**WHAT THE EXERCISE ASKS**
Word for word, transcribe the listing that follows, minus any pictures.

**INFORMATION SUPPLIED**
******************************

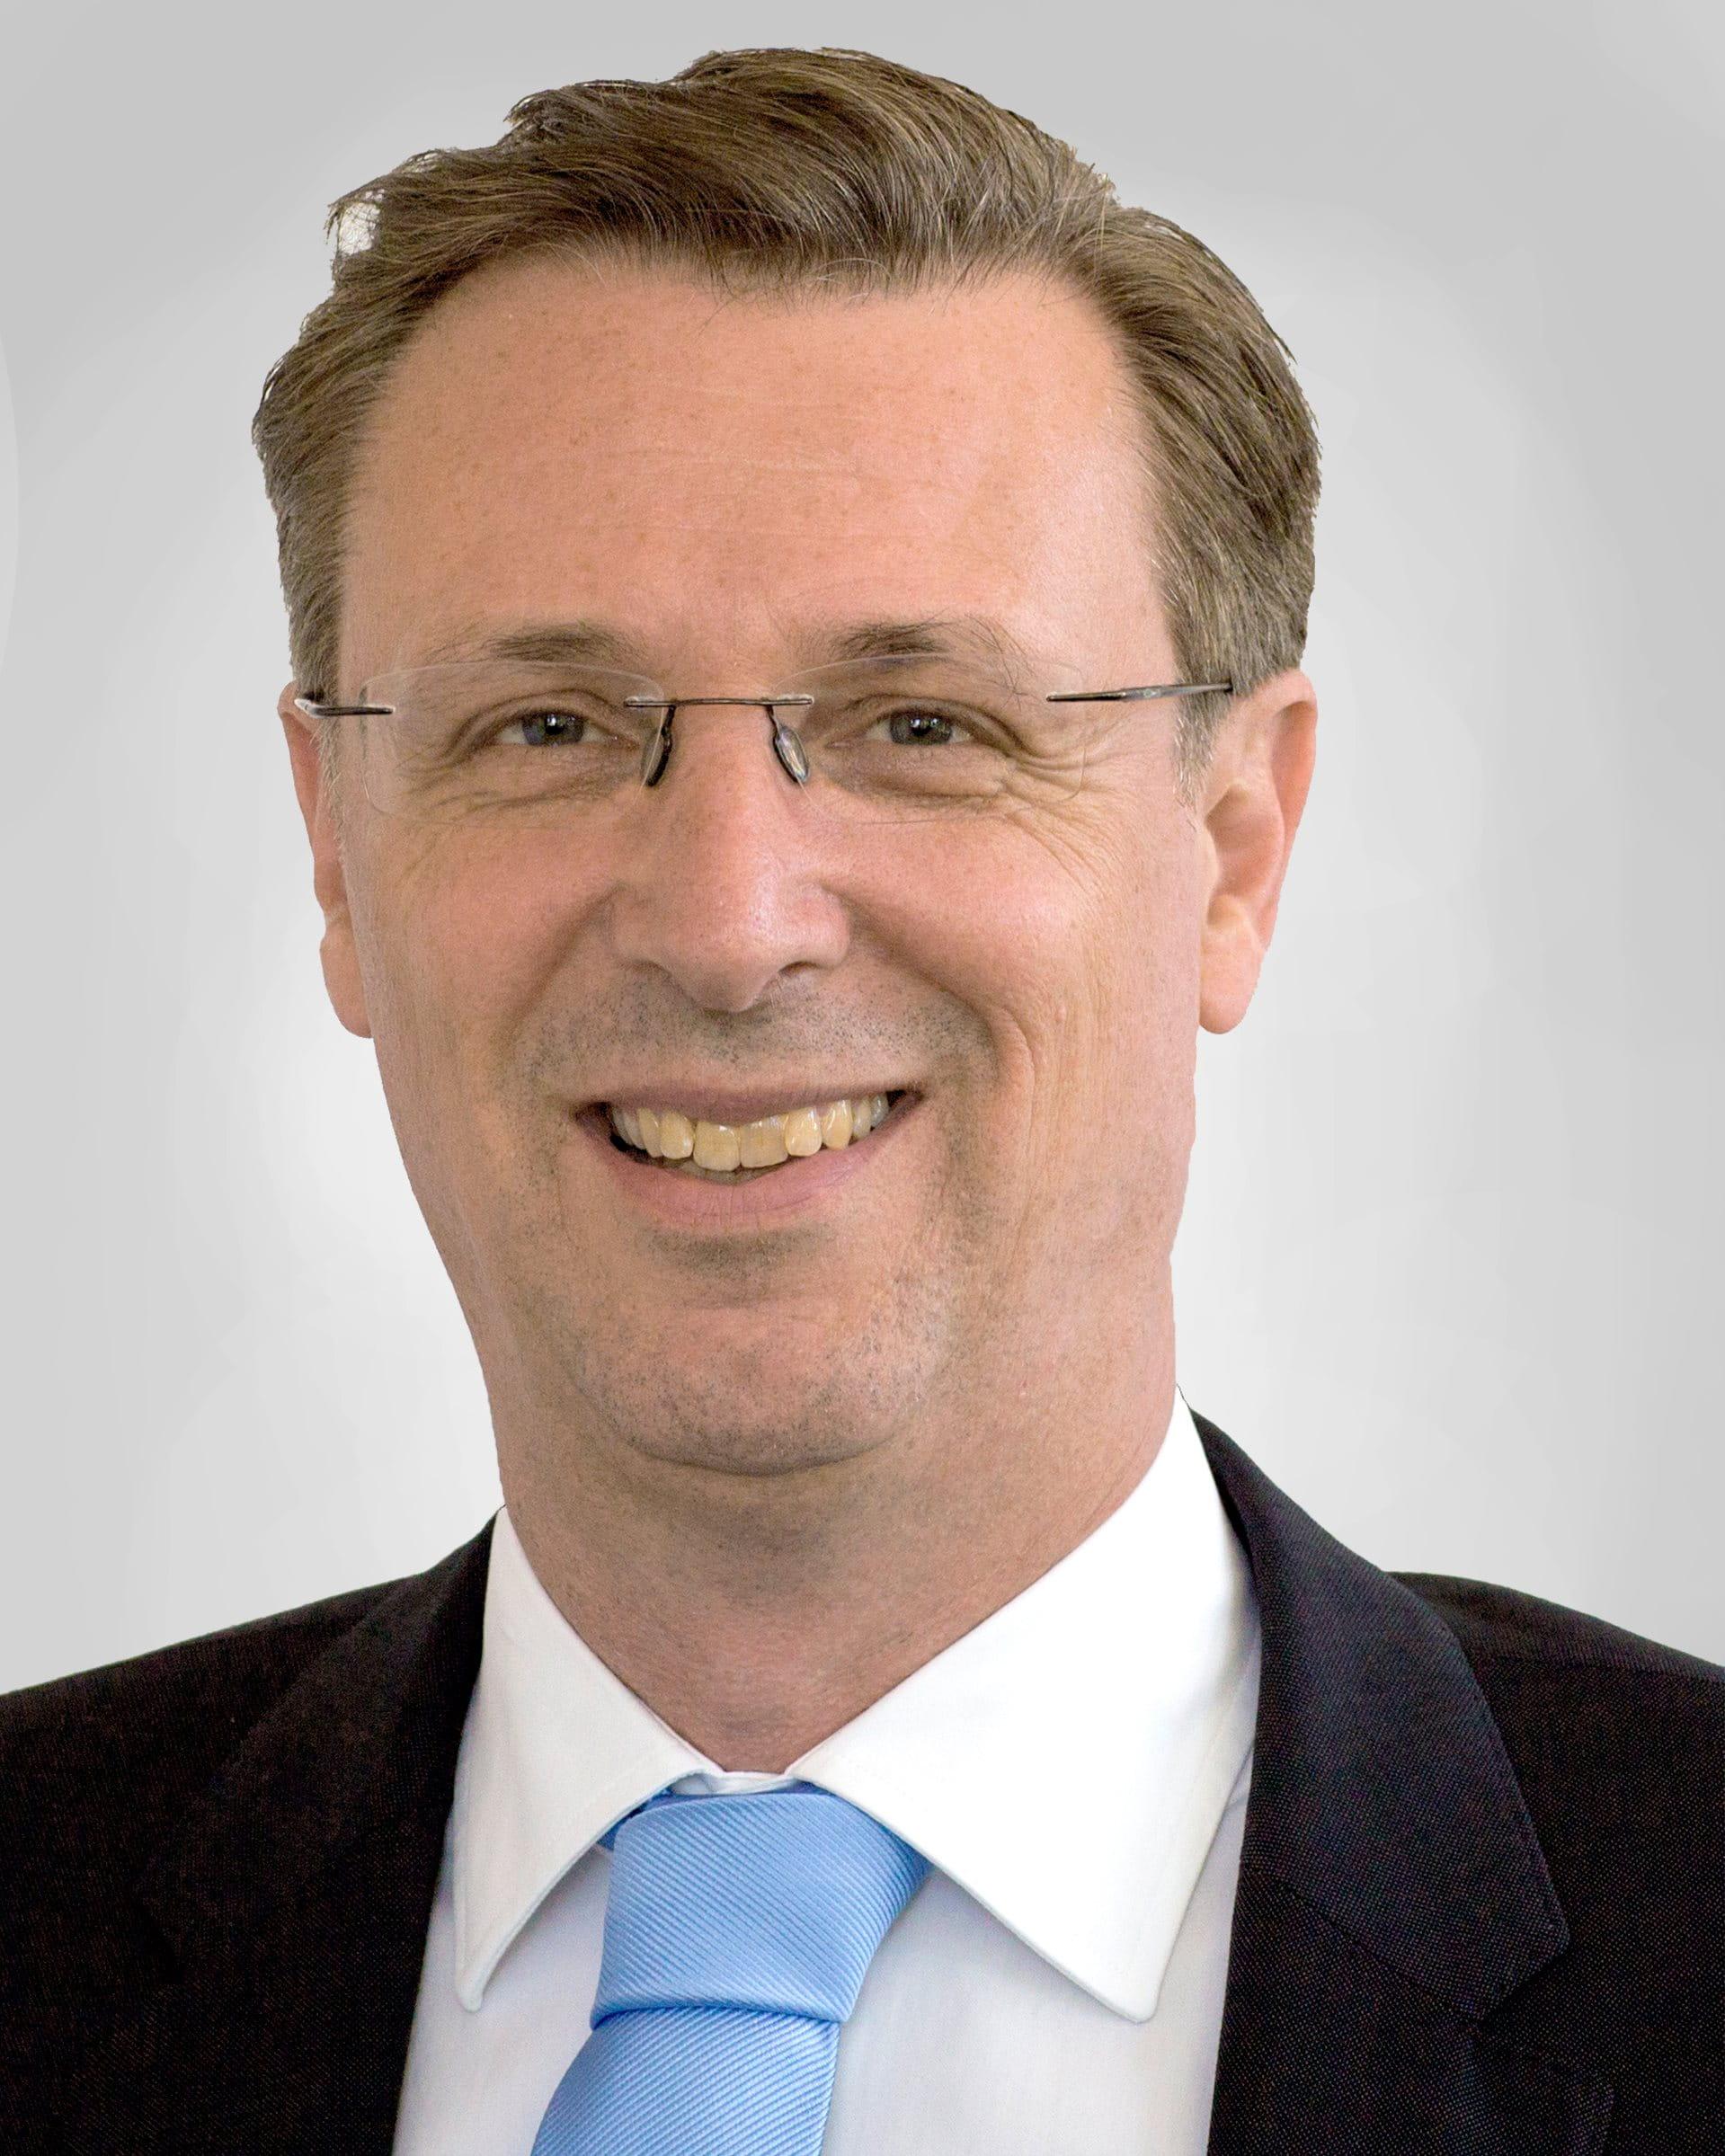 Jörg Bertogg, Head Commercial Insurance
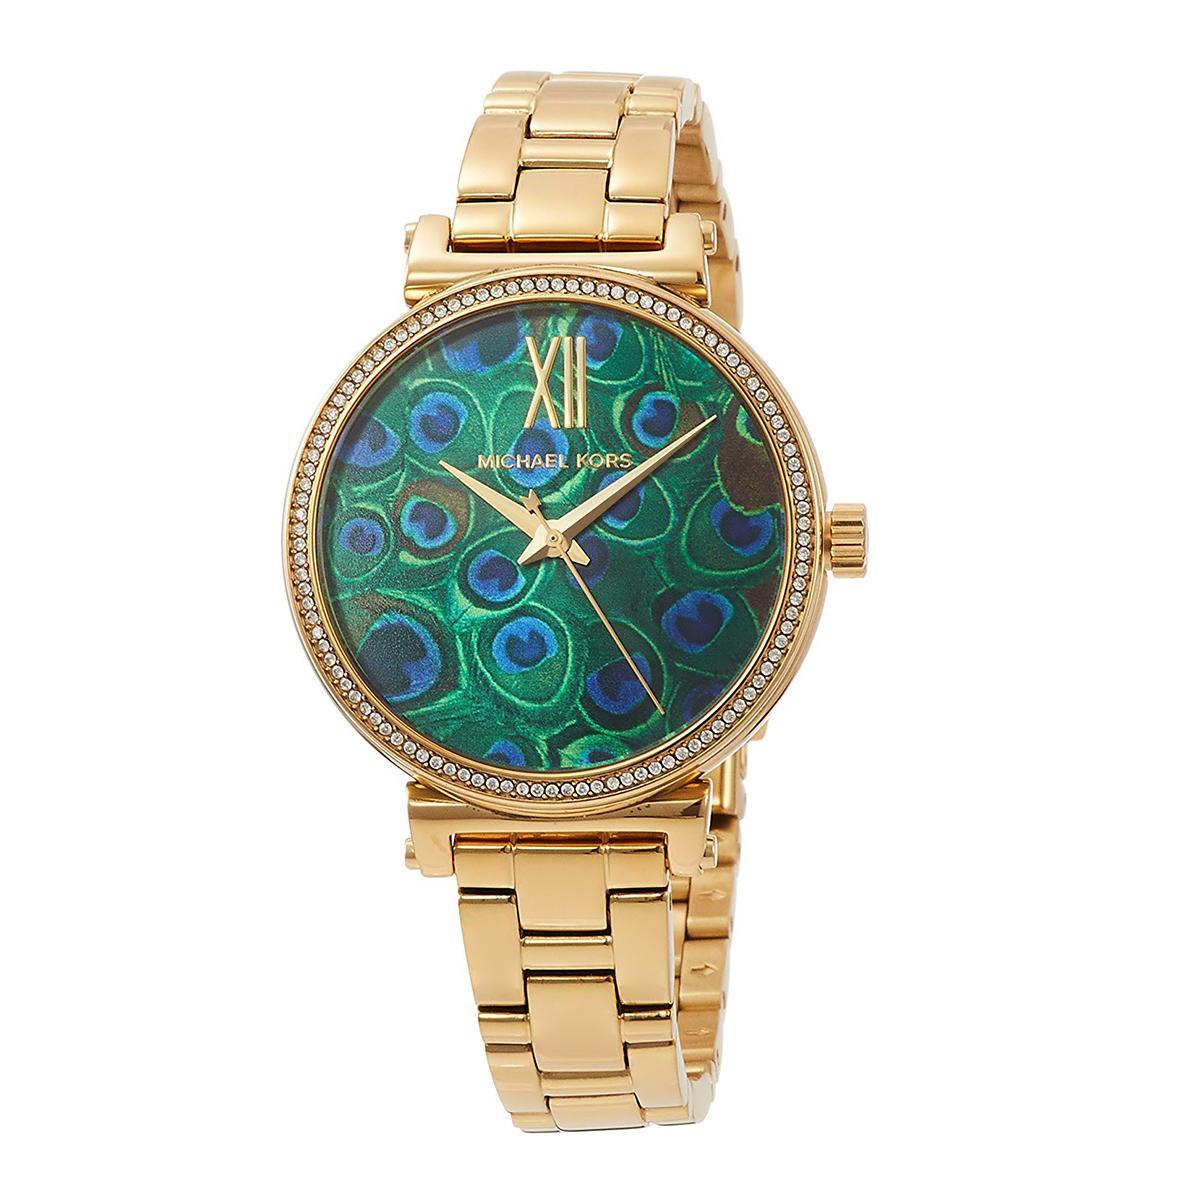 Đồng hồ Nữ Michael Kors MK3946 bán chạy
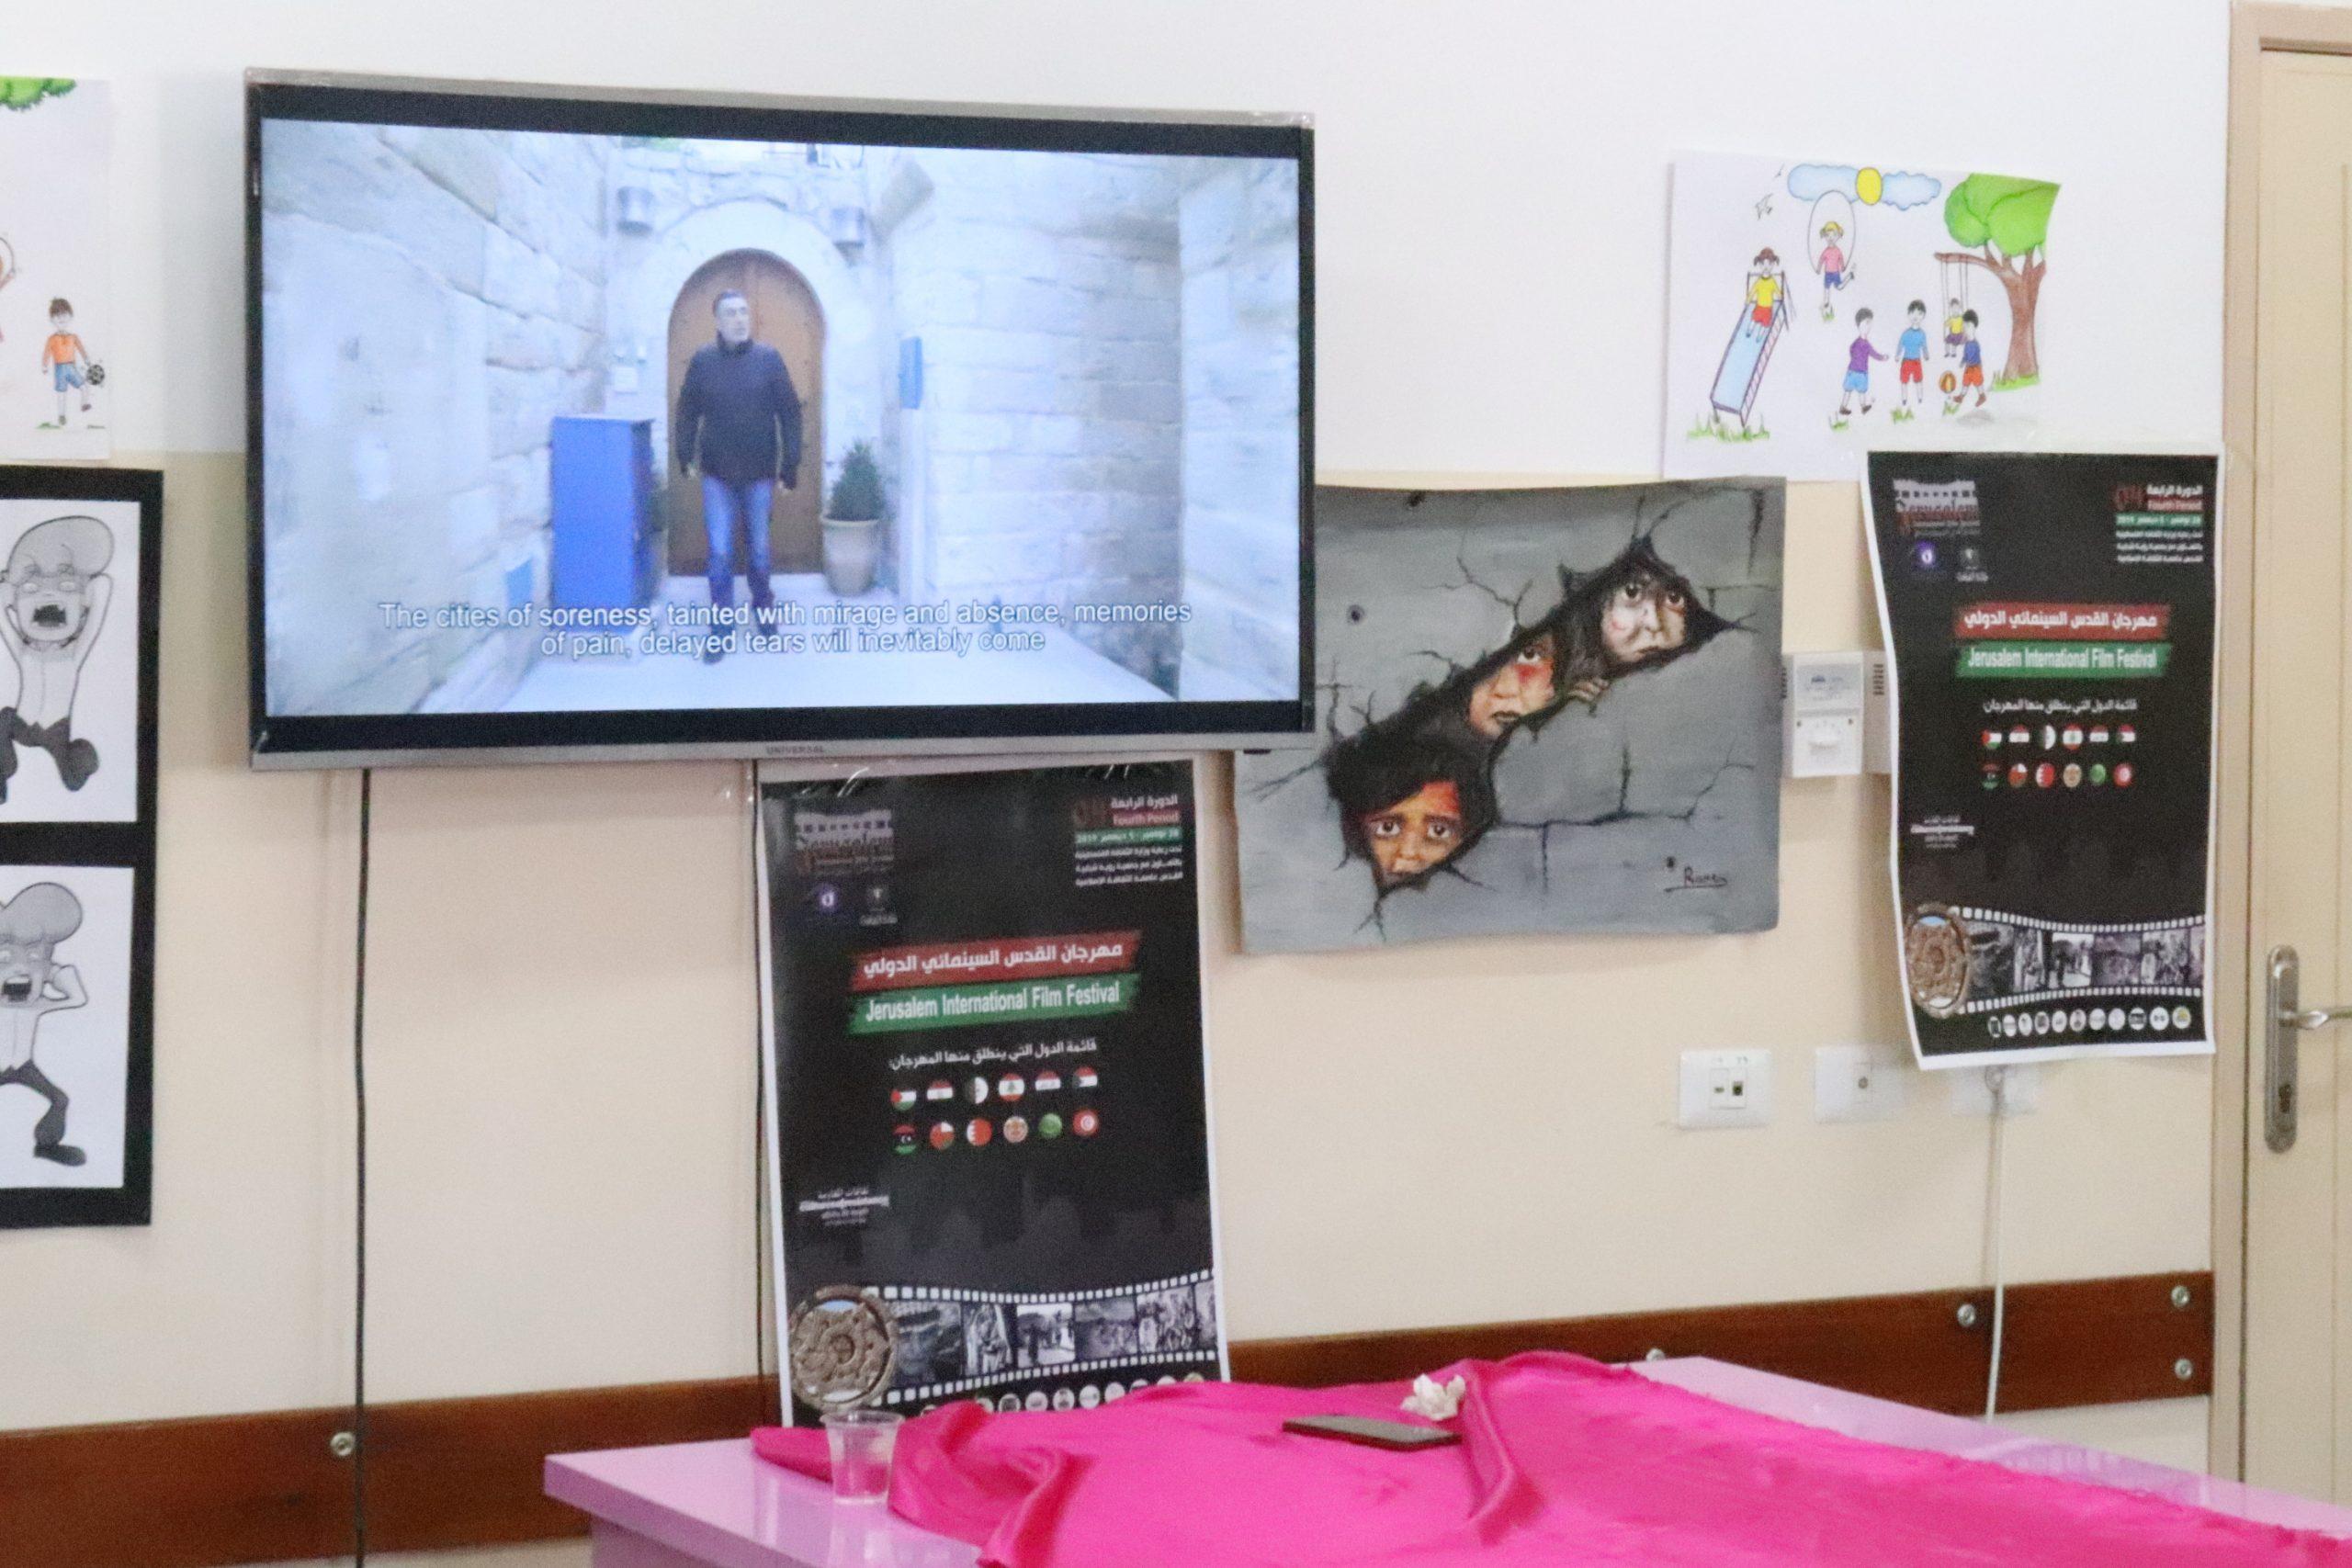 مهرجان القدس السينمائي الدولي يثمن دور الجامعات والجمعيات الشريكة في فعاليات المهرجان.

******************************

**SOLUTION BELOW**
 Jörg Bertogg, Head Commercial Insurance
 Đồng hồ Nữ Michael Kors MK3946 bán chạy
 مهرجان القدس السينمائي الدولي يثمن دور الجامعات والجمعيات الشريكة في فعاليات المهرجان.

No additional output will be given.